Data Acquisition

You must load the required packages for this to work. If you do not have any of the packages listed, please use the function install.packages('< packagename>') to install them directly from CRAN.

You may also cut and copy this code into you R console and it will automatically install the packages you do not have.

install.packages(c('httr', 'lubridate', 'jsonlite', 'plyr', 'ggplot2', 'tidyr'))


In [1]:
library(httr)
library(lubridate)
library(jsonlite)
library(plyr)
library(ggplot2)
library(tidyr)
options(stringsAsFactors = F)


Attaching package: ‘lubridate’

The following object is masked from ‘package:base’:

    date


Attaching package: ‘plyr’

The following object is masked from ‘package:lubridate’:

    here

This step creates a vector of the endpoints needed for each API call and the corresponding names for each output.


In [2]:
'pageviews_mobile-web_201507-201709' <- 'https://wikimedia.org/api/rest_v1/metrics/pageviews/aggregate/en.wikipedia.org/mobile-web/user/monthly/2015070100/2017093000'
'pageviews_mobile-app_201507-201709' <- 'https://wikimedia.org/api/rest_v1/metrics/pageviews/aggregate/en.wikipedia.org/mobile-app/user/monthly/2015070100/2017093000'
'pageviews_desktop_201507-201709' <- 'https://wikimedia.org/api/rest_v1/metrics/pageviews/aggregate/en.wikipedia.org/desktop/user/monthly/2015070100/2017093000'
'pagecounts_desktop-site_200801-201607' <- 'https://wikimedia.org/api/rest_v1/metrics/legacy/pagecounts/aggregate/en.wikipedia.org/desktop-site/monthly/2008010100/2016073100'
'pagecounts_mobile-site_200801-201607' <- 'https://wikimedia.org/api/rest_v1/metrics/legacy/pagecounts/aggregate/en.wikipedia.org/mobile-site/monthly/2008010100/2016073100' 

# create endpoints and names vectors
endpoints <- c(`pageviews_mobile-web_201507-201709`, `pageviews_mobile-app_201507-201709`,
             `pageviews_desktop_201507-201709`, `pagecounts_desktop-site_200801-201607`,
             `pagecounts_mobile-site_200801-201607`)

names <- c('pageviews_mobile-web_201507-201709', 'pageviews_mobile-app_201507-201709',
           'pageviews_desktop_201507-201709', 'pagecounts_desktop-site_200801-201607',
           'pagecounts_mobile-site_200801-201607')

I created a function to streamline the process of scraping the data from each API listed above.
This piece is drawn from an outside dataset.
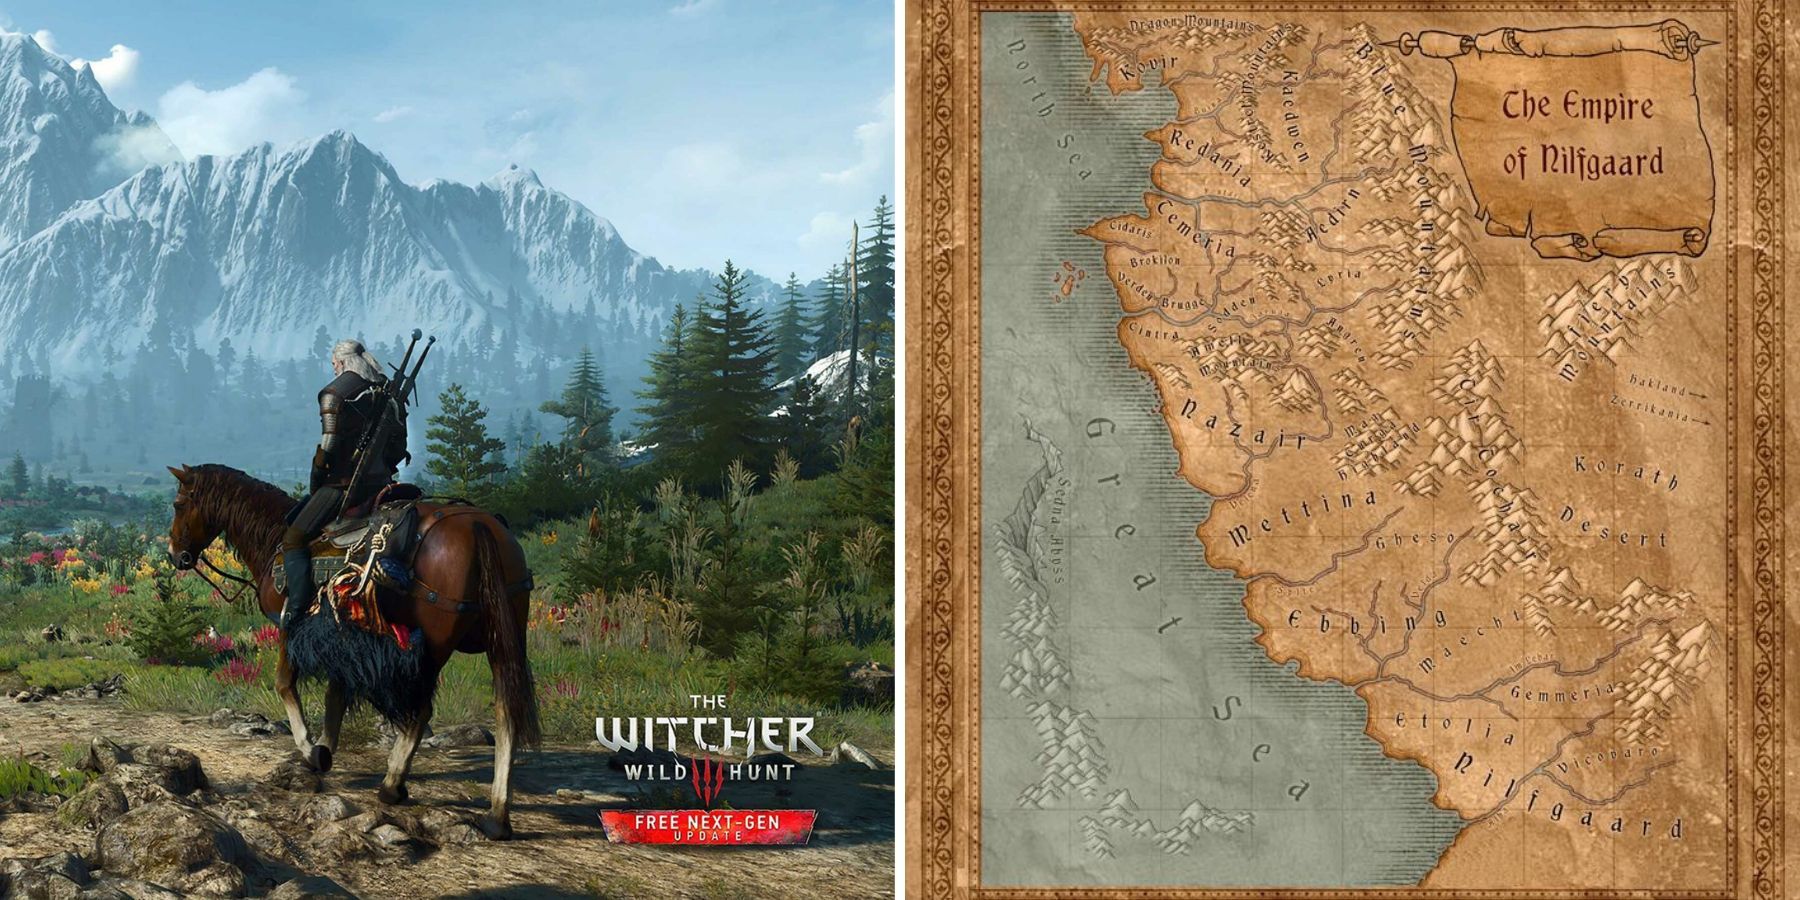 Expliaining the history of The Continent in The Witcher 3

This function takes as input the endpoint URL and outputs the parsed json data of interest.


In [3]:
get.data <- function(endpoint){
    # function to get, parse and save the json of each api call
    # endpoint is the URL for the API
    name <- deparse(substitute(endpoint))
    raw.data <- GET(endpoint)
    raw.content <- rawToChar(raw.data$content)
    parsed.data <- fromJSON(raw.content)
    # save all the json files with the names from the above vector
    write(toJSON(parsed.data), paste0(name,'.json'))
    parsed.data
}

Next I recursively call the above function and load the function output, the parsed data, into a list.


In [4]:
# init empty list for parsed data
parsed.data <- list()
for (i in 1:length(endpoints)){
    parsed.data[[i]] <- get.data(endpoints[i])
    names(parsed.data[[i]]) <- names[i]
}

Data Processing

Now that the data has been acquired from the web via the APIs above, we need to process it in a form that is usable for analysis.

The following code loops through the parsed data and extracts the needed information. This is loaded into a list and then using the ldply function from the plyr package, collapses the list into a dataframe. Don't you just love R?


In [5]:
# init an empty list for the total data
tot.list <- list()
# loop through the API results extracting the time and the counts from each
for(i in 1:length(parsed.data)){
    time <- c()
    count <- c()
    time <- parsed.data[[i]][[1]][[5]]
    # because the two apis have different numbers of arguments the index is different for pagecounts vs pageviews
    if(i <= 3){
        count <- parsed.data[[i]][[1]][[6]]
        time <- parsed.data[[i]][[1]][[5]]
    }
    else {
        count <- parsed.data[[i]][[1]][[5]]
        time <- parsed.data[[i]][[1]][[4]]
    }
    temp.data <- data.frame('time' = time,
                            'views' = count,
                            'type' = as.character(names(parsed.data[[i]])))
    tot.list[[i]] <- temp.data
}
# collapse the list into a dataframe
total.data <- ldply(tot.list, data.frame)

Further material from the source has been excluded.